We were staying at our cortijo in the Alpujarras that lie to the south of Granada on the slopes of the Sierra Nevada. We had had a great family Christmas in Bad Saarow, Germany and were now enjoying unusually mild winter weather in Spain. Most people who know that we visit Spain seem to think that this means an escape from the cold weather of the UK and relaxation in warm Spanish sun. Whilst this can be the case, we have regularly experienced long icicles from our patio roof and deep snow making even access to the house a bit tricky.

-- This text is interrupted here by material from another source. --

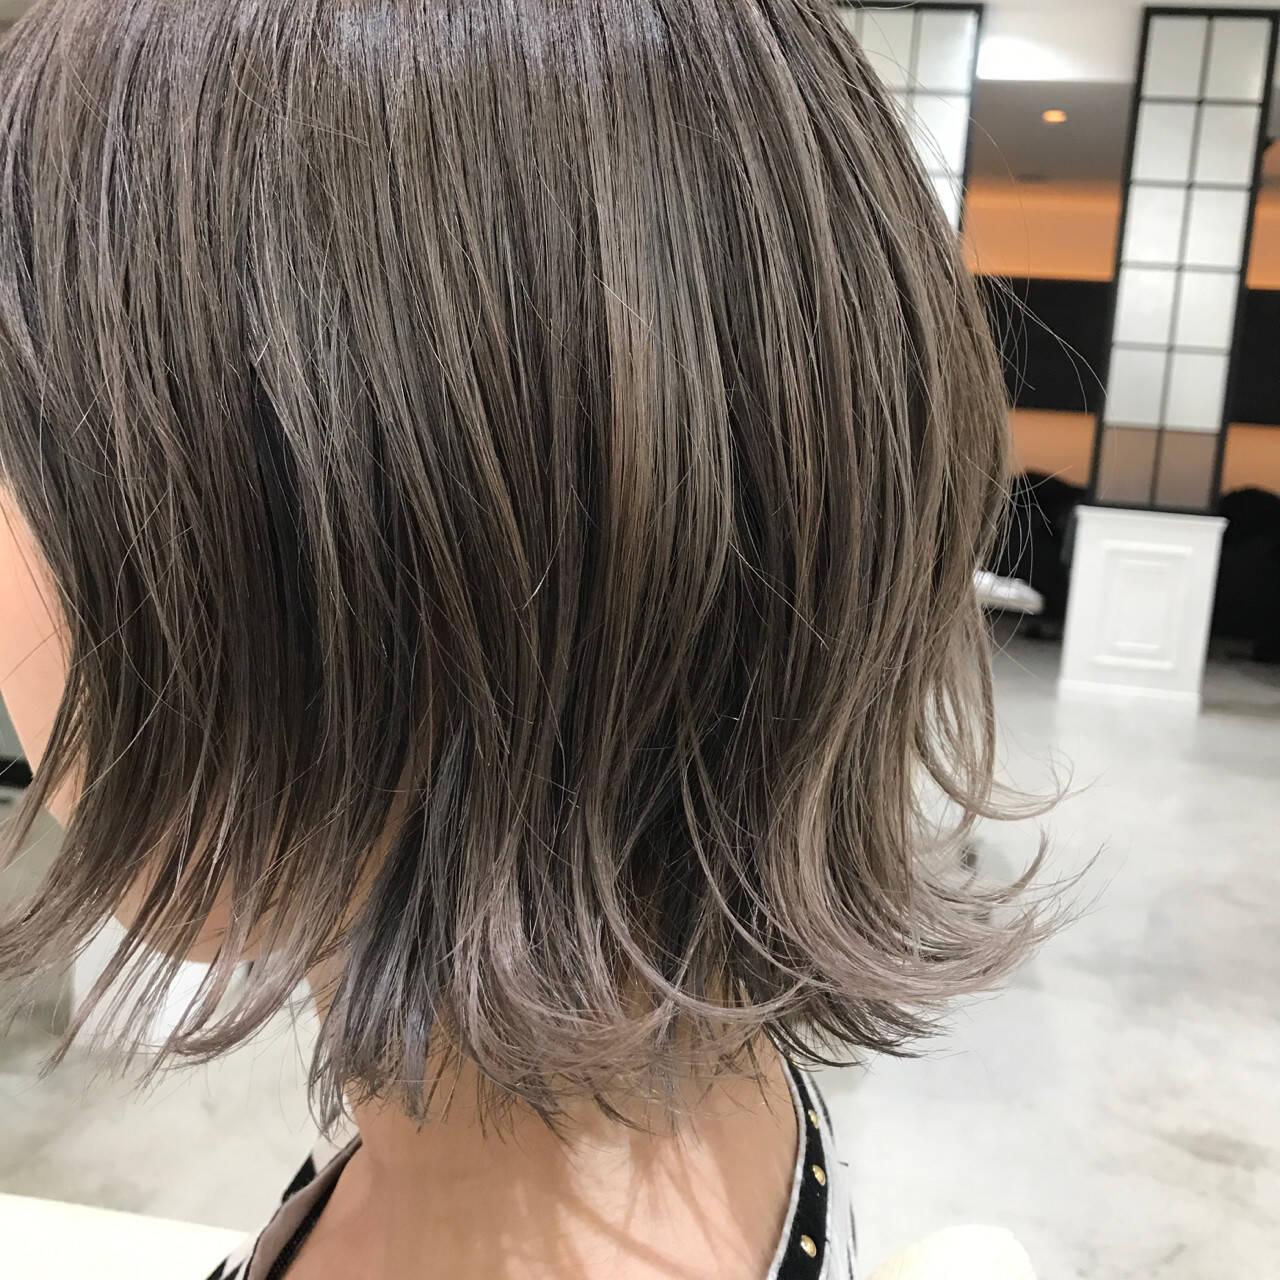 アッシュグレージュ ボブ ストリート イルミナカラーヘアスタイルや髪型の写真・画像

However, this January we had two weeks of wonderful weather – blue sky and warm sunshine. The air temperature can be cool, we are at over 1500 m (above the height of our highest mountain in the UK, Ben Nevis, at 1344m) but this is more than compensated by the strong sun coming directly from the south and North Africa. Today we met up with our friend, Jeremy, who has lived and worked in the Alpujarras for 20 years as a walking guide. We were doing one of our favourite walks at this time of the year, along the Contraviesa, the mountain range between the Sierra Nevada and the Mediterranean Sea. It is a favourite winter walk because its mild location means that it’s not possible, or at least comfortable, to walk here in the summer months.  It is also the area that we look across to each day and evening from the patio of our cortijo, making it a nice change to reverse the view and look back to our village and the high mountains behind.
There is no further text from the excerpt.